Firewalls • A firewall is a computer or router that sits between the trusted and the untrusted. • Packet filter firewalls examine endpoint identifiers in datagrams passing through a link to determine if each packet should be allowed to proceed. • Proxy firewalls act as a mediate between two devices attempting to communicate through the firewall.
Network intrusion detection • Network intrusion detection devices try to detect and call attention to odd and suspicious behavior. • Anomaly detection devices use statistical methods to try to detect activity that deviates from normal behavior. • Misuse detection devices examine traffic and use patterns, and try to identify a pattern that they can compare to signatures or scenarios known to be dangerous or suspicious.

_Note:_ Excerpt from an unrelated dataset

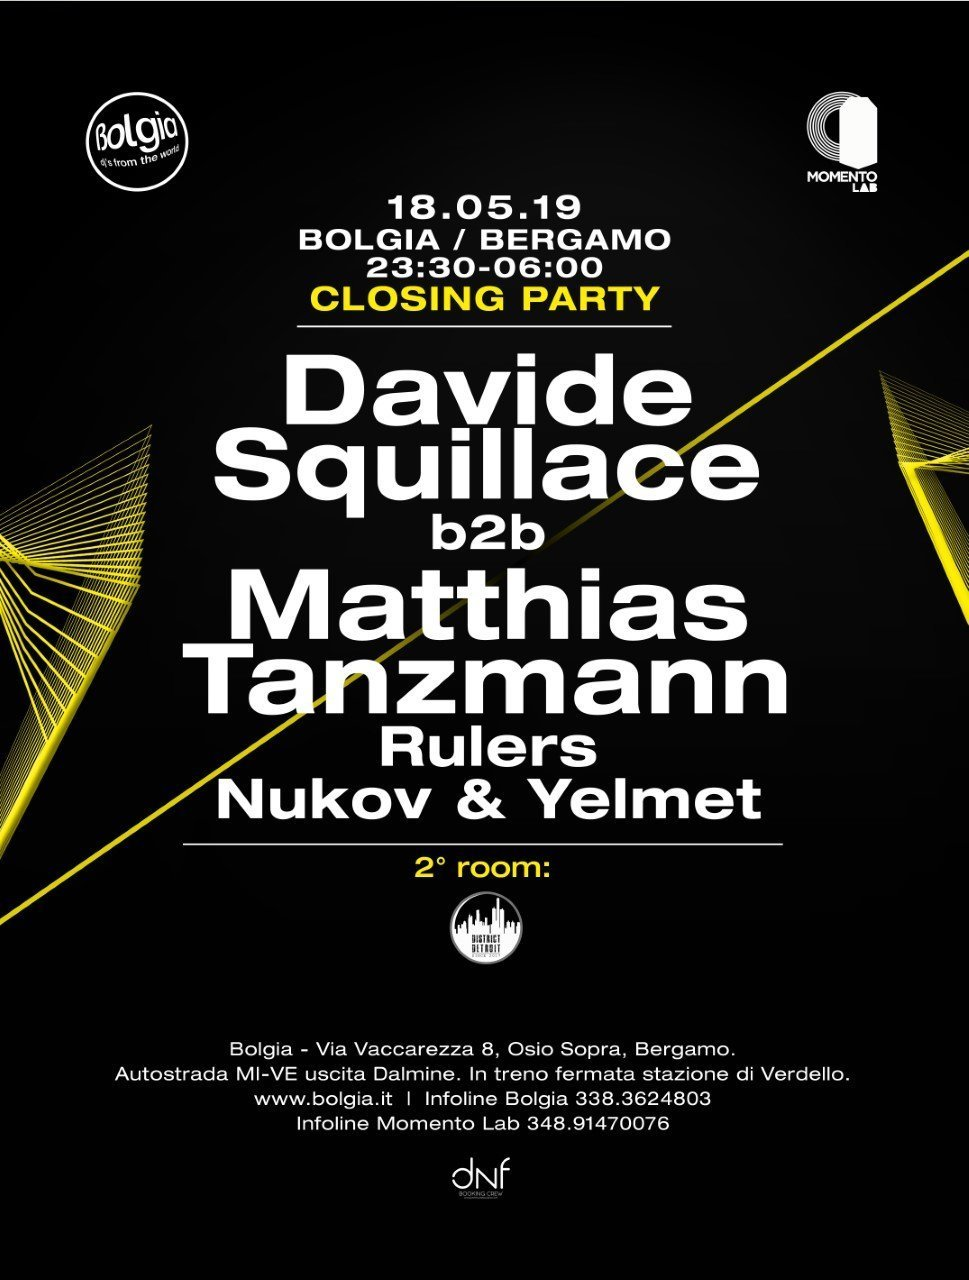 Davide Squillace b2b Matthias Tanzmann @ Bolgia BG

Sever Security &Securing the host • A web server has two root directories: the server root and the document root. The best practice is to run the server as a genuine user with both a unique user ID and membership in a group. • Host security focuses on the host system’s configuration and operational practices and provides a foundation for server security. Challenges in host system security include complexity, access control, and accountability.
Securing data transport • There are two fundamentally different approaches to securing data in transit. • In the network-layer approach, the encryption and authentication is added directly into the networking stack so that traffic is protected without requiring the application to incorporate it. • In the application-level approach, the application itself is modified so that traffic is encrypted before it is submitted to the operating system and network layer. It is then decrypted by the receiving server application.
Mobile code security • Mobile code comprises general-purpose executables that run in remote locations. • There are basically three practical techniques to secure mobile code: Sandboxing, code signing, and firewalling. • The sandbox method limits the executable’s privileges to a small set of operations. • The code signing method checks to see if the executable’s source is trustworthy. • The firewalling approach limits the programs a client can run based on the executables’ properties.
Low-tech and high-tech solutions • Finally, from another point of view, the steps being taken to improve network security include adopting some simple, yet effective, “low-tech” network management practices as well as employing the latest in high-tech solutions to security threats. • The following tables simply review some of these solutions, along with their present products, systems and some vendors. Of these, Table 1 and table 2 are belong to low-tech, others are high-tech network security measures.
Conclusions • No system is absolutely secure. • Firstly an effective network security plan must be addressed. • Then balance between a through assessment of the threats and risks present and the plan’s objectives. • Incorporate the appropriate security technology to provide a secure environment.